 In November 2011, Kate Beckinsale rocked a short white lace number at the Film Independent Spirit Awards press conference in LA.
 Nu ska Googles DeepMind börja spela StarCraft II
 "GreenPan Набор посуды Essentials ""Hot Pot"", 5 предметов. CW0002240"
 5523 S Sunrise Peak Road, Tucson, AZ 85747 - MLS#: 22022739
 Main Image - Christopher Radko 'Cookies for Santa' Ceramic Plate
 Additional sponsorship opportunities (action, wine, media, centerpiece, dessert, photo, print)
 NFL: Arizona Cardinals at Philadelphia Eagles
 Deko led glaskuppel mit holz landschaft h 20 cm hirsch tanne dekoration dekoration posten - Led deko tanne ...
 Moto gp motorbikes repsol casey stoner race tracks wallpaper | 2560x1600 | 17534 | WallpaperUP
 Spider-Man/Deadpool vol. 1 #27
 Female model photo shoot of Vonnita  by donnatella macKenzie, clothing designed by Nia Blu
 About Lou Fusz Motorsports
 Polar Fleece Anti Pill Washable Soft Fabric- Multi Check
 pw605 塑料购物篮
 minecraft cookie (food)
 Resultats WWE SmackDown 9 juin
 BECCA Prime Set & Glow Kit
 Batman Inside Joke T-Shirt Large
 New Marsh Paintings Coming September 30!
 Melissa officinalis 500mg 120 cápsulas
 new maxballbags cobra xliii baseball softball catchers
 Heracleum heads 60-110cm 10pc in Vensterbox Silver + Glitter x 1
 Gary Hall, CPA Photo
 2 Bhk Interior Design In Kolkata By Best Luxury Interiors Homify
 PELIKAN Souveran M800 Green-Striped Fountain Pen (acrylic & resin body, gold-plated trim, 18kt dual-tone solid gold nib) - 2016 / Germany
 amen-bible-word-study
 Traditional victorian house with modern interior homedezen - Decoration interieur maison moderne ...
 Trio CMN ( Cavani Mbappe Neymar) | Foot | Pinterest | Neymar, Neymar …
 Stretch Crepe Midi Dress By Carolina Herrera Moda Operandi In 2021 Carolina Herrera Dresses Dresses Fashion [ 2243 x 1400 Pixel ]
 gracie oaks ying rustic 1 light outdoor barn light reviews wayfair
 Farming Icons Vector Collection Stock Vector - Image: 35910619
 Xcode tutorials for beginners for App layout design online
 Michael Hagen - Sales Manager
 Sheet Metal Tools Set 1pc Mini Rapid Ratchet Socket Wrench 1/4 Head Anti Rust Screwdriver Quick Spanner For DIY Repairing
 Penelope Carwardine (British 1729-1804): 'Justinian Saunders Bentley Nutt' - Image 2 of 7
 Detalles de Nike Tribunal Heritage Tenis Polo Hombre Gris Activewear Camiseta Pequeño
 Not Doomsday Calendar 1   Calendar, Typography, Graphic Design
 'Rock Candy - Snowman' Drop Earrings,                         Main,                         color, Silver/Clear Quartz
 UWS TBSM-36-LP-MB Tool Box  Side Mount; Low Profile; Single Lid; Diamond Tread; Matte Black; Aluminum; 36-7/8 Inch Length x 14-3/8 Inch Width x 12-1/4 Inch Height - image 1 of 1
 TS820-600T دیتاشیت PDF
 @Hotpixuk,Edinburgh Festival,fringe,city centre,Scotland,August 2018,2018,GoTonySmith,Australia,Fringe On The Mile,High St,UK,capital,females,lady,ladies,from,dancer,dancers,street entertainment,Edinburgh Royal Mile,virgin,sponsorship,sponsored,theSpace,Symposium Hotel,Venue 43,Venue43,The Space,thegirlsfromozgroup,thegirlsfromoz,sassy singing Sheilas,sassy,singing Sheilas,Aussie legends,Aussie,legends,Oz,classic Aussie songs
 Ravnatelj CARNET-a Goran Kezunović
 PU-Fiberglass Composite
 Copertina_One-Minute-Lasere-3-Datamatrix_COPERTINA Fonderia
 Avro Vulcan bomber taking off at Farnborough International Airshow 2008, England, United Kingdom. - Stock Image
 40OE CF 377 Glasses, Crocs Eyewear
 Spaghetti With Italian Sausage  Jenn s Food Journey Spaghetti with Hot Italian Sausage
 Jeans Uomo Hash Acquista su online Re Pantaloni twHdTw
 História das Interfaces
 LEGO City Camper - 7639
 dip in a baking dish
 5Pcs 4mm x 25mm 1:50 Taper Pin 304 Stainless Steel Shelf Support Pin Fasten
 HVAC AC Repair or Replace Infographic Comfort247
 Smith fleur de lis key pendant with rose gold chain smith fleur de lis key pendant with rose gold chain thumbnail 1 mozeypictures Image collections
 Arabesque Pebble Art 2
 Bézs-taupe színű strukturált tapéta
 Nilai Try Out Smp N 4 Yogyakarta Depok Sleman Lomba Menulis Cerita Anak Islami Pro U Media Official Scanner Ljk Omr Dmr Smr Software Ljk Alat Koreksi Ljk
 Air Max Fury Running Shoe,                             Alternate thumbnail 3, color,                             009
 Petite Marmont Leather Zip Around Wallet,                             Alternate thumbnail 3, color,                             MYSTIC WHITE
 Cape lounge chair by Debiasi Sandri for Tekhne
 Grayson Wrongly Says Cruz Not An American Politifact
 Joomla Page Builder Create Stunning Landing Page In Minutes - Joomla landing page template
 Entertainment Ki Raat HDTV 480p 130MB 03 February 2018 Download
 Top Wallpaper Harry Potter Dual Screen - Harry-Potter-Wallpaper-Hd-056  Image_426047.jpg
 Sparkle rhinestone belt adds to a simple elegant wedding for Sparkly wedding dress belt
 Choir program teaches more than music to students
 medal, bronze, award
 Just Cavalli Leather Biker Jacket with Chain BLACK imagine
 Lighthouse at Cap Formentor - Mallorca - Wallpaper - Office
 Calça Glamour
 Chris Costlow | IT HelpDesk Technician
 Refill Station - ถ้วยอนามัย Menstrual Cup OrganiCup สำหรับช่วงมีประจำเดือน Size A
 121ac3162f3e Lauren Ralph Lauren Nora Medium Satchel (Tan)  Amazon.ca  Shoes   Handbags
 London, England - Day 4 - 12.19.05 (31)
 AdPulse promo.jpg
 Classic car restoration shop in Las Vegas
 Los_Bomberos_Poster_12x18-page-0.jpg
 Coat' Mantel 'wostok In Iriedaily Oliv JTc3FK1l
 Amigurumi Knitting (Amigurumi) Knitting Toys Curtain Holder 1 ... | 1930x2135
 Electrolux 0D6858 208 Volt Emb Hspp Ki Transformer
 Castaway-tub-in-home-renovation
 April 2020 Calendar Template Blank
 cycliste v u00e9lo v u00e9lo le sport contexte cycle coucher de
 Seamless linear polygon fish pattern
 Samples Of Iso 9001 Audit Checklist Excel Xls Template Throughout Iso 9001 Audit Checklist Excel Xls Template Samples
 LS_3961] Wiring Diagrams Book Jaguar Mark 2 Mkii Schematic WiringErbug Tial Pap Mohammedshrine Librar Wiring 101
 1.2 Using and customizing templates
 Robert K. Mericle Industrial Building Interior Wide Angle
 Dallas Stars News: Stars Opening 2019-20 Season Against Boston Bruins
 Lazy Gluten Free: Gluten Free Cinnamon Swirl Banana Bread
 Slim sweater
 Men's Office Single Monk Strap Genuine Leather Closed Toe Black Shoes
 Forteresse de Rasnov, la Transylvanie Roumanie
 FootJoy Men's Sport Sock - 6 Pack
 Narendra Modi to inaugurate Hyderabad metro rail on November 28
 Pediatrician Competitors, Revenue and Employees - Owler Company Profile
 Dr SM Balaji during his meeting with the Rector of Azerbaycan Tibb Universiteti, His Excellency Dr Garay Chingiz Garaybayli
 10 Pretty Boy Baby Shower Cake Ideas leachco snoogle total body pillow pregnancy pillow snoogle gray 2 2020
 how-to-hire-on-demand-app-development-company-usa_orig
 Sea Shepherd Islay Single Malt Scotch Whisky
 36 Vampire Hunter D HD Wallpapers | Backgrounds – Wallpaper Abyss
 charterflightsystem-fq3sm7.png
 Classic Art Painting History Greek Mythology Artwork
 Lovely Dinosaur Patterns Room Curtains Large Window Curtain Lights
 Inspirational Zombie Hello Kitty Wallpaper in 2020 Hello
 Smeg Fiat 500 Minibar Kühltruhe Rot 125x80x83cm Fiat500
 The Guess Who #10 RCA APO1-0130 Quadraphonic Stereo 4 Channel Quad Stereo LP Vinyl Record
━━━━━━━━
What is needed: Report every line in the listing that holds the word "Single".

Response box:
 UWS TBSM-36-LP-MB Tool Box  Side Mount; Low Profile; Single Lid; Diamond Tread; Matte Black; Aluminum; 36-7/8 Inch Length x 14-3/8 Inch Width x 12-1/4 Inch Height - image 1 of 1
 Men's Office Single Monk Strap Genuine Leather Closed Toe Black Shoes
 Sea Shepherd Islay Single Malt Scotch Whisky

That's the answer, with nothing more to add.